**Data excerpt**
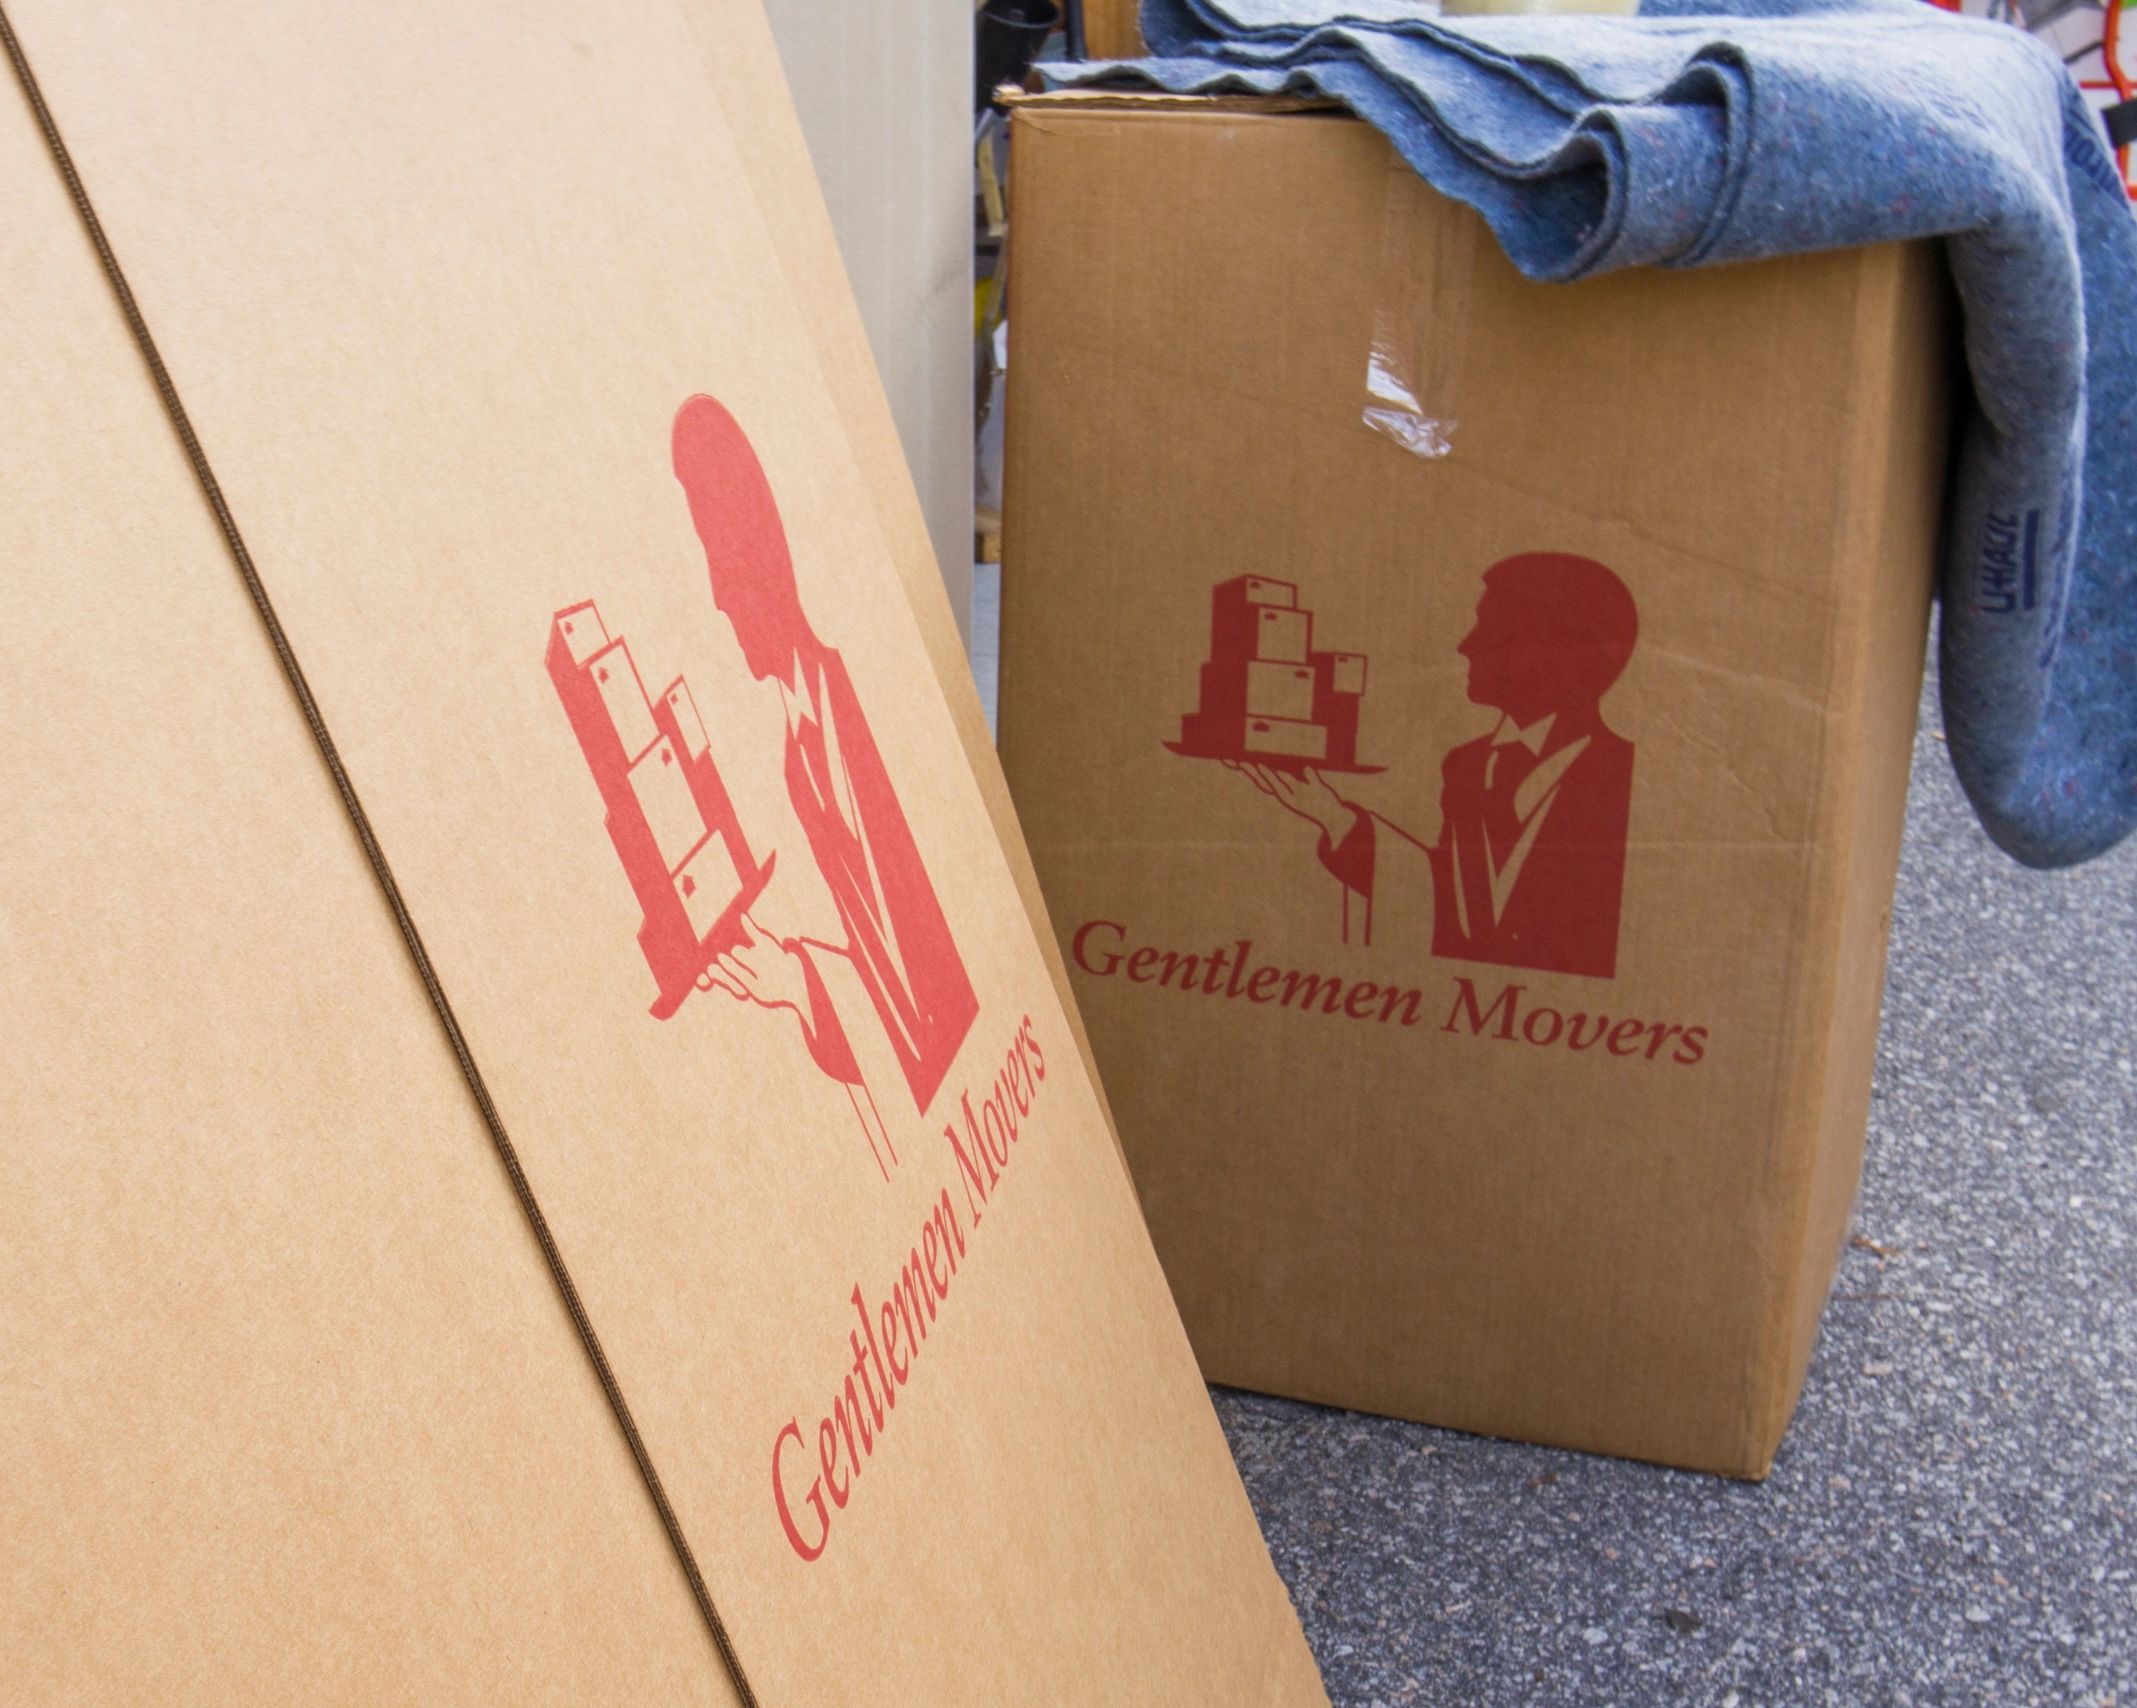 Gentlemen Movers, Moving Company, Packing for a move, Packing Services by a moving company
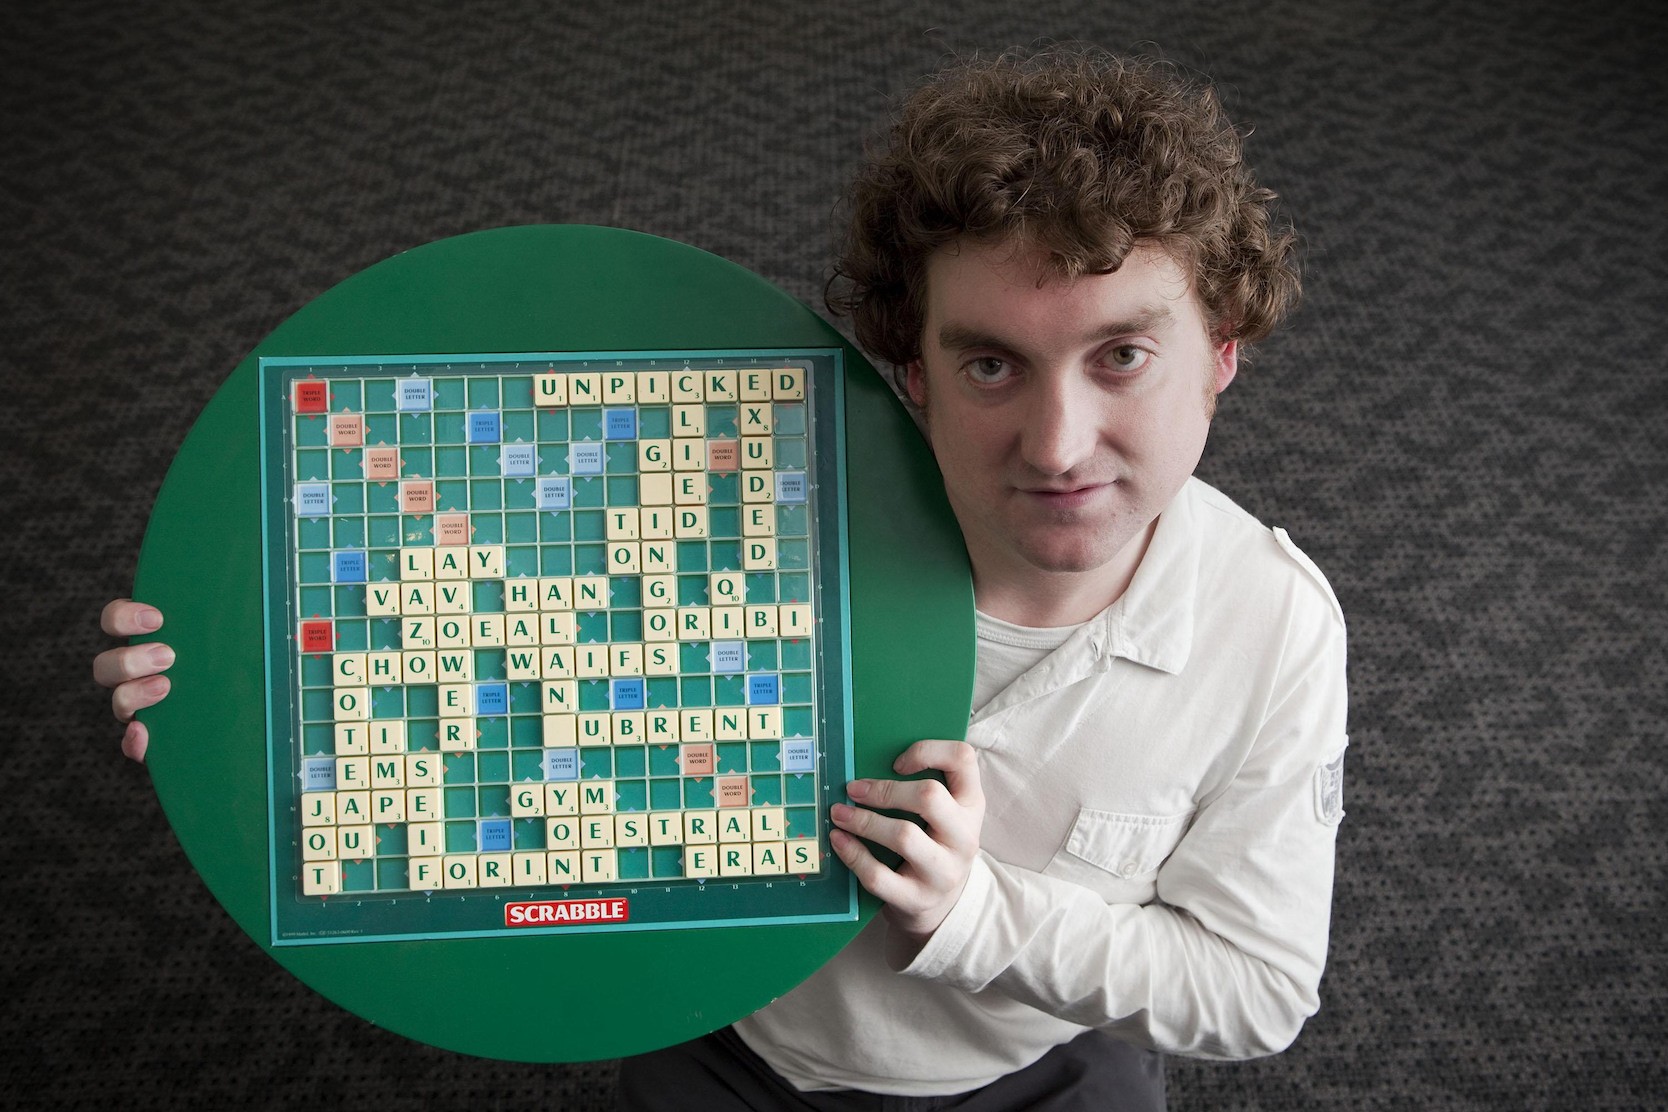 Scrabble Championship Winners and Famous Facts
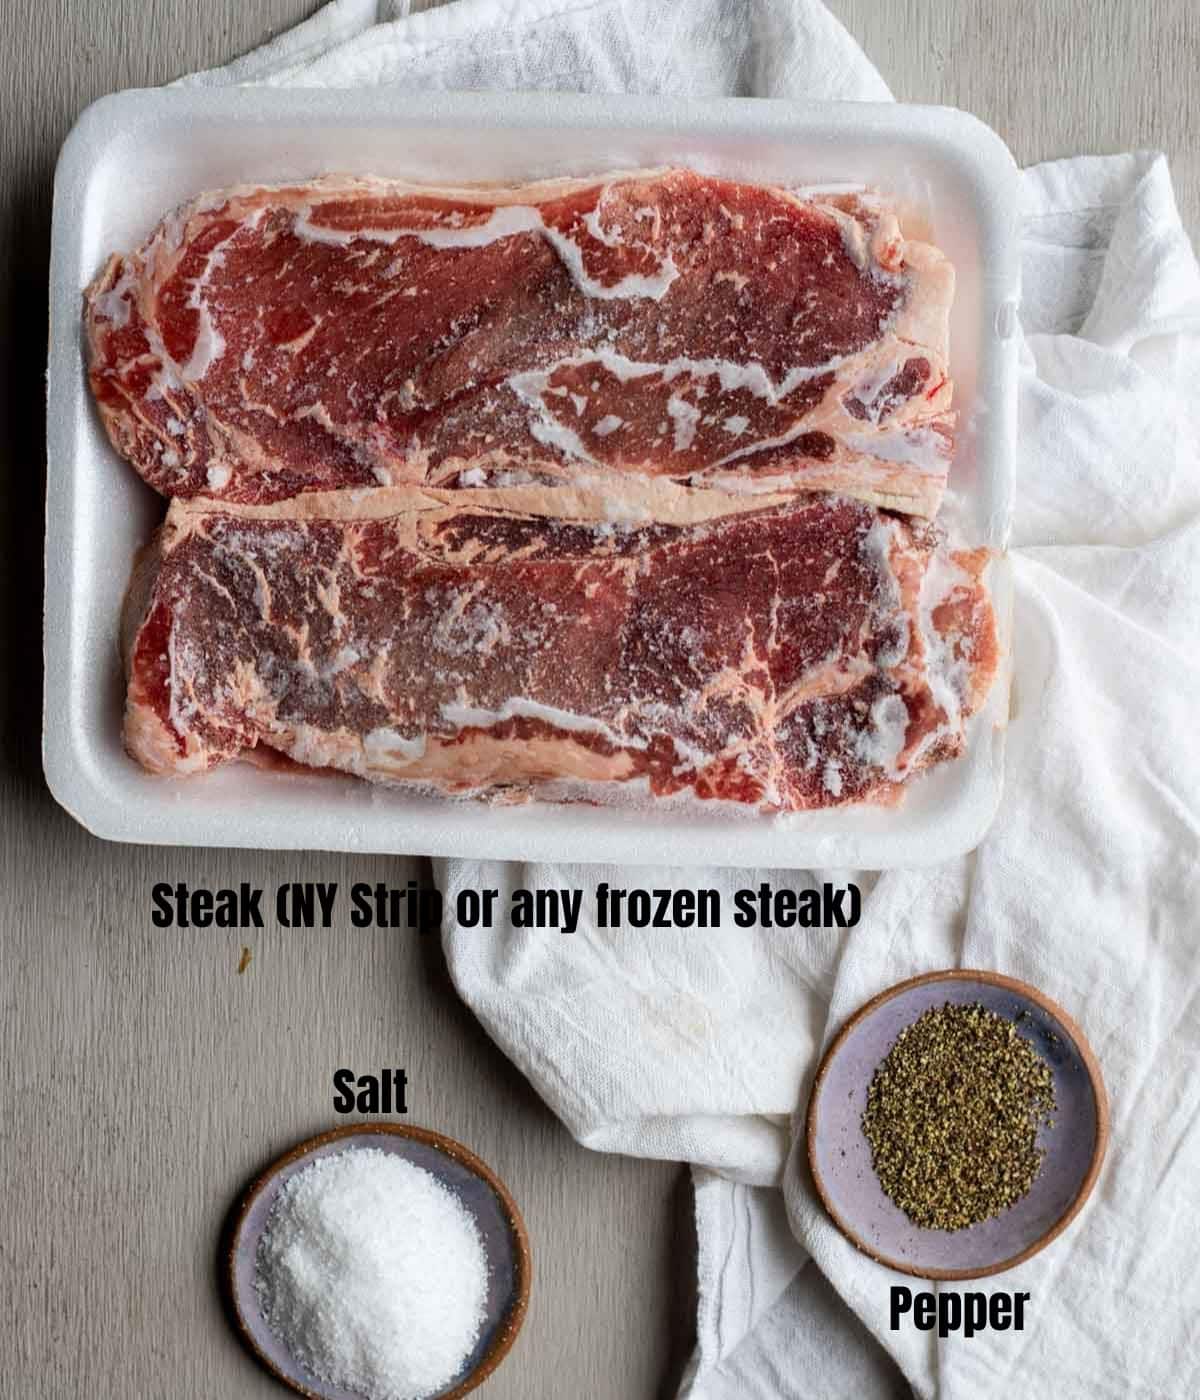 https://www.wenthere8this.com/wp-content/uploads/2022/09/Ingredients-for-sous-vide-frozen-steak.jpg

**Task prompt**
Repeat the line containing "Scrabble Championship Winners" and every line after it up to the end of the material above, exactly as they stand, minus the pictures.

**Answer section**
 Scrabble Championship Winners and Famous Facts
 https://www.wenthere8this.com/wp-content/uploads/2022/09/Ingredients-for-sous-vide-frozen-steak.jpg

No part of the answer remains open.